Fidest – Agenzia giornalistica/press agency

Quotidiano di informazione – Anno 33 n° 335

Demolizioni sull’Appia Antica

Posted by fidest press agency su sabato, 5 settembre 2009

Roma. Inizia con la demolizione di parcheggi, piscine e ville, rigorosamente illecite, il progetto di salvaguardia ambientale e culturale avviato per ridare lustro al parco dell’Appia Antica segnato, da tempo, da pesanti abusivismi. Oscar Tortosa, vice segretario per il Lazio dell’Italia dei Valori, commenta con queste parole gli oltre 2500 abusi edilizi riscontrati nella zona: “Bisogna restituire la Capitale e i suoi valori ai cittadini, mettendo fine all’era di un edilizia urbana spregiudicata e priva di remore che, da troppo tempo, ha deturpato la città nell’attesa di un qualche condono”. Nei 3.500 ettari di verde, tra siti archeologici, templi e tombe romane, sono solo una cinquantina le pratiche di demolizione in via di approvazione, anche se già ad agosto le ruspe hanno abbattuto i due metri di sopraelevazione abusiva del fabbricato residenziale di proprietà di Luciano Gaucci, l’ex presidente del Perugia calcio, tuttora latitante.

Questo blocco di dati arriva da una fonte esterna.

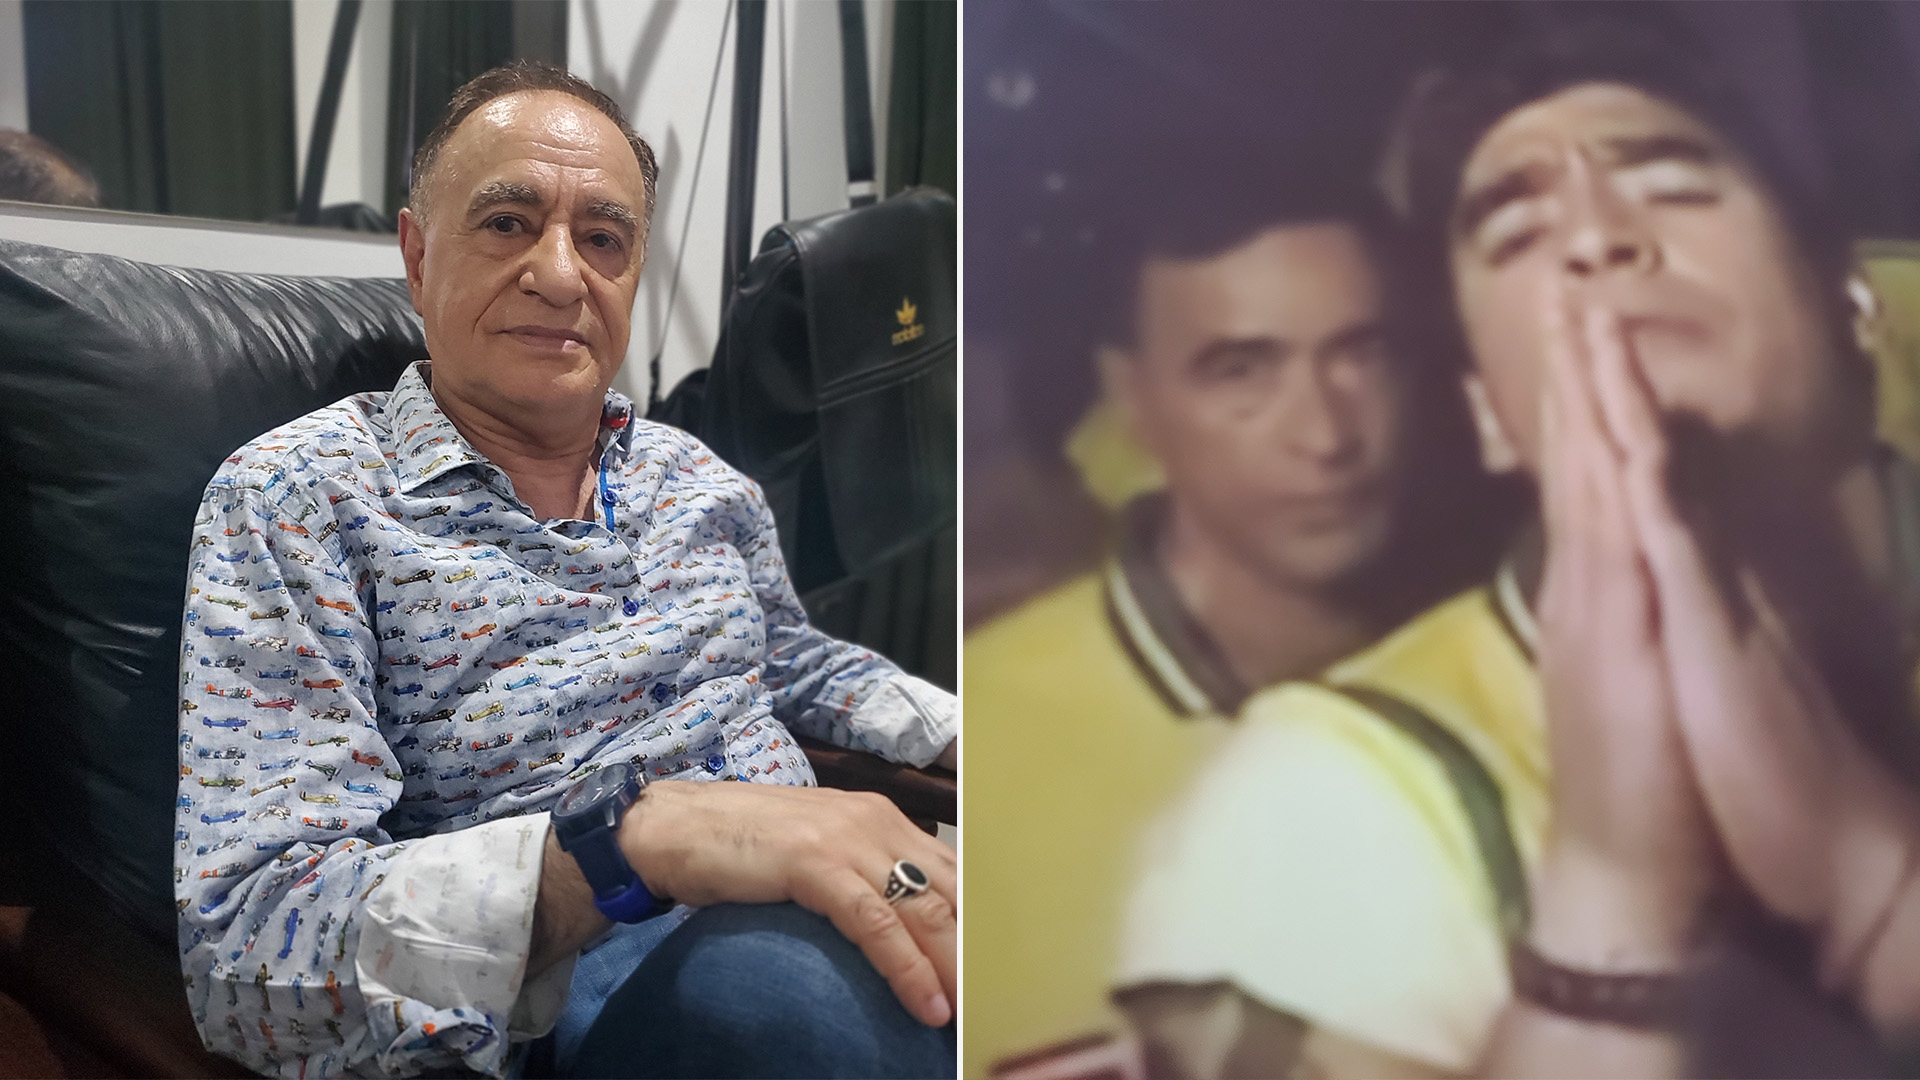 Carlos Ferro Viera revela el lado oscuro de Maradona: las drogas, los hijos extramatrimoniales, la vez que casi pierde las piernas por amor

Intanto la Regione , dopo il “no” ai fondi necessari per la demolizione dell’assessore comunale all´Urbanistica, Marco Corsini, ha coinvolto la Soprintendenza per i Beni Archeologici, che sta ora seguendo i primi abbattimenti.  “Dal conflitto tra Comune e Regione sull’abusivismo dell’Appia Antica non se ne trae un buona immagine per la nostra città  perché questa pratica deve essere combattuta in maniera univoca anche nella sua più minima manifestazione” ha aggiunto il vice segretario regionale del partito guidato da Antonio Di Pietro, che ha poi concluso “le demolizioni, unite a delle vere condanne, possono creare degli effetti deterrenti efficaci per vincere l’illegalità e riqualificare territori dalla bellezza incommensurabile”.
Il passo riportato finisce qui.